Reviews

Review: Assassins (Watermill Theatre)

Almost 30 years after its off-Broadway debut in 1990, the pitch-black comedy of Sondheim’s revue-style musical has a new, disturbing relevance

Judi Herman

Judi Herman

| |

1 October 2019

The cast of Assassins
The cast of Assassins
© The Other Richard

It was almost 30 years ago that Stephen Sondheim and book writer John Weidman's line up of murderous misfits first confronted an off-Broadway audience in a helter-skelter ride through the dark recesses of their minds and motives. The pitch-black comedy of the duo's revue-style musical has an added dimension in today's world, where making instant connections to like-minded tribes is frighteningly easy.

So bringing together the executioners, successful and would be, from over a century of American history in one chorus line has a new resonance. The intimate space of the Watermill (the show will transfer to Nottingham Playhouse later this month) is suddenly uncomfortably claustrophobic as, guns levelled, the gang eyeball their audience and execute (no pun intended) choreographer Georgina Lamb's out-front, assertive moves.

Bill Buckhurst's production is at once laugh-out-loud funny, deeply thought-provoking and disturbing. The winning combination of actor/musicians works its usual magic, with a wonderfully cast bunch of multi-talented performers embodying these frighteningly convincing outsiders, each triggered by their own grievances, obsessions and delusions.

Joey Hickman's Proprietor reels 'em into a sinister fairground shooting range with his wicked smile, showman's patter – and proffered selection of firearms. Thus America's deadly insistence on legally available guns for all is centre stage from the get-go.

Starting with John Wilkes Booth's spectacular elimination of Abraham Lincoln, the action moves back to Wilkes Booth and then forward to John Hinckley's mercifully unsuccessful attempt to see off Ronald Reagan. It then climaxes with arguably the most high-profile assassination of all: the disparate band crowd round Lee Harvey Oswald, urging him to unite and justify them all by setting his gunsights on President Kennedy from that Dallas Book Depository vantage point.

The contrast between Alex Mugnaioni's loquacious thespian Wilkes Booth and Ned Rudkins-Stow's repressed time bomb of a Lee Harvey Oswald is one of the show's highlights. Every assassin demands equal attention though: Peter Dukes is actually sympathetic as Leon Czolgosz, the Polish anarchist who did for William McKinley in 1901, his demands for rights for downtrodden workers like himself dangerously inspired here by obsessional love for anarchist Emma Goldman (authoritative Phoebe Fildes). Zheng Xi Yong, as the Italian-born US immigrant Guiseppe Zangara who missed Franklin D Roosevelt in 1933, vividly reveals the chip on his shoulder left by the sufferings in the Great Depression that he blames on the President.

Samuel Byck's failed attempt to eliminate Nixon by flying a hijacked plane into the White House has a special chilling relevance post-9/11. Dressed as a dishevelled bad Santa Claus, Steve Simmonds invests him with a crazed malevolence.

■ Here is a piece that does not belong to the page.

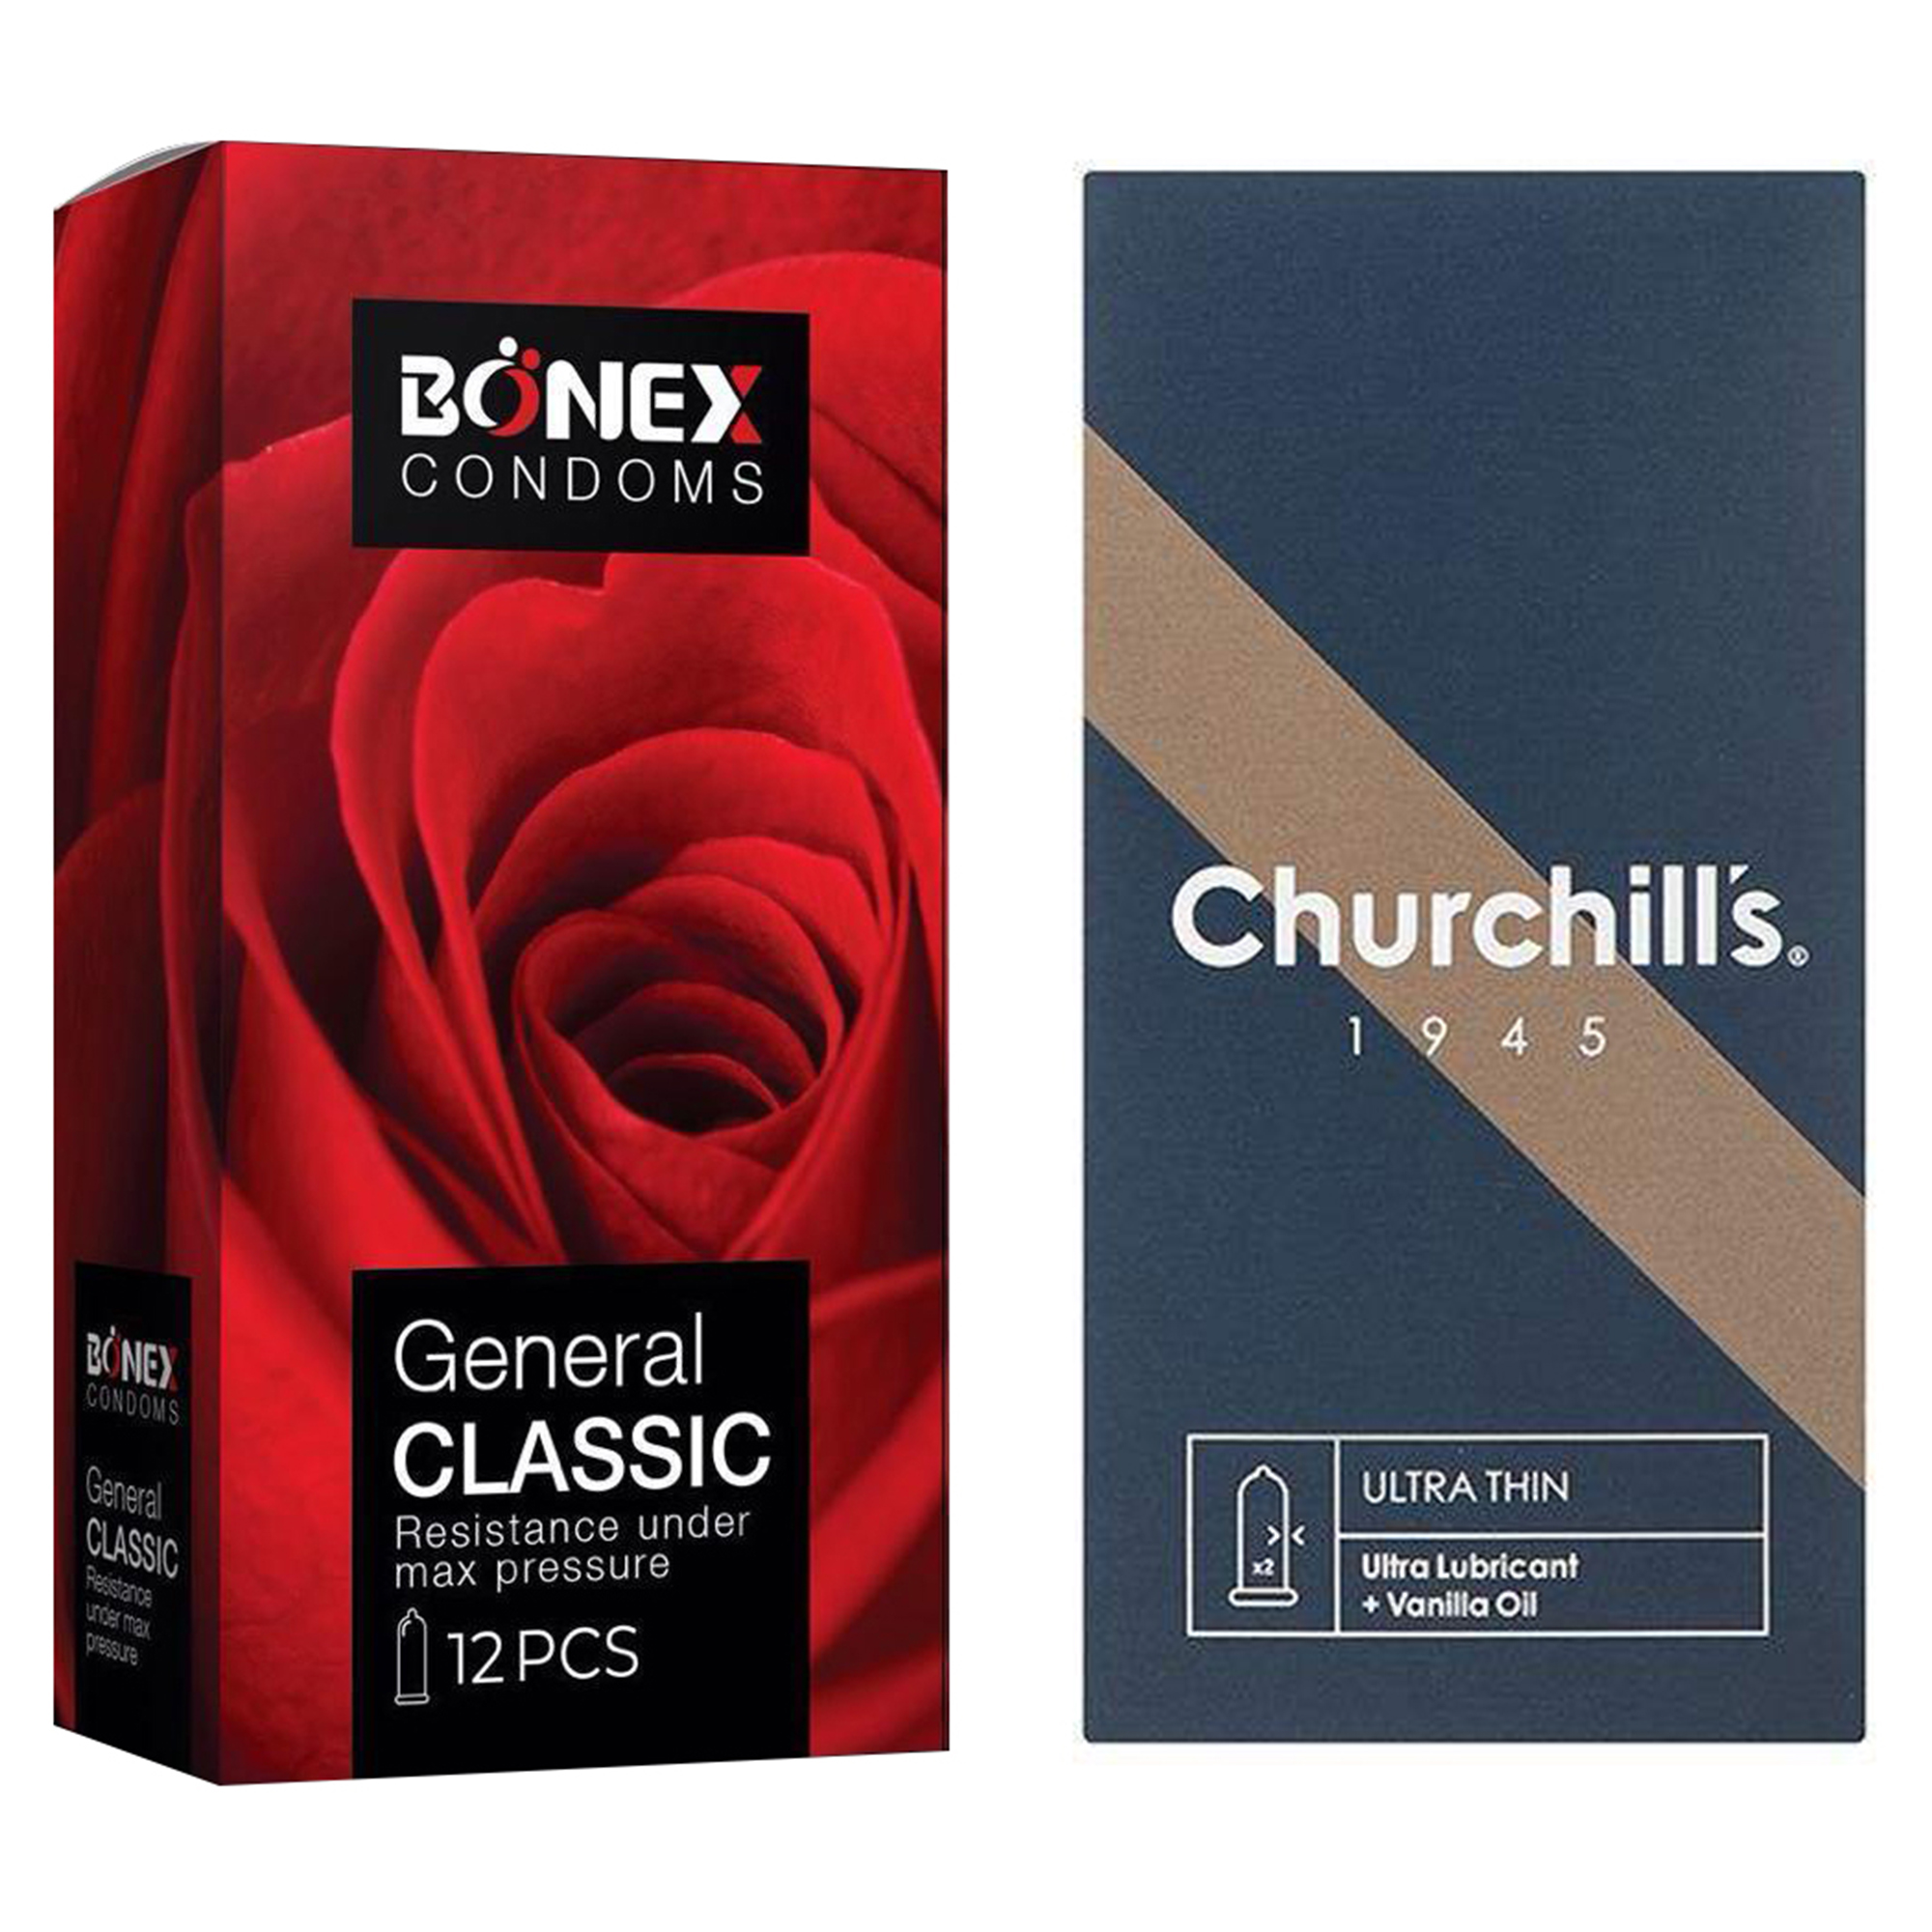 کاندوم چرچیلز مدل Ultra Thin بسته 12 عددی به همراه کاندوم بونکس مدل General Classic بسته 12 عددی

Sondheim's dark humour has him seeking attention from composer Leonard Bernstein, quoting from West Side Story's "Tonight" – words written by none other than Sondheim himself of course.

The only women would-be assassins provide an alarmingly funny double act of gun-toting gals. Sara Poyzer's jovial, awkward would-be ‘hockey mum' Sara Jane Moore and Evelyn Hoskins' unhinged Lynette 'Squeaky' Fromme, Charles Manson's crazed groupie, demonstrate how they failed spectacularly to bring down President Ford in 1975.

Jack Quarton is frighteningly convincing as John Hinckley, embodying the obsessed stalker of star names, trying to get the attention of Jodie Foster by shooting Ronald Reagan, but succeeding only in being certified insane.

Perhaps the loudest voice in this litany of cries for attention from a cruel unfeeling world is Charles Guiteau, whose went to the scaffold for shooting President Garfield. Eddie Elliott revels in the jaunty gallows humour of his Gospel exit number "I Am Going to the Lordy", climbing steps that materialise on Simon Kenny's spare, effective fairground set, illuminated by a strip of gaudy lightbulbs.

Matthew James Hinchcliffe gets to embody all the Presidential targets and more. The whole story is knitted together by Lillie Flynn's magnificent Balladeer, brilliantly filling the narrator's role thanks to her rich voice and incisive diction. In today's world of violently entrenched opinions, this rich revival is perfectly timed.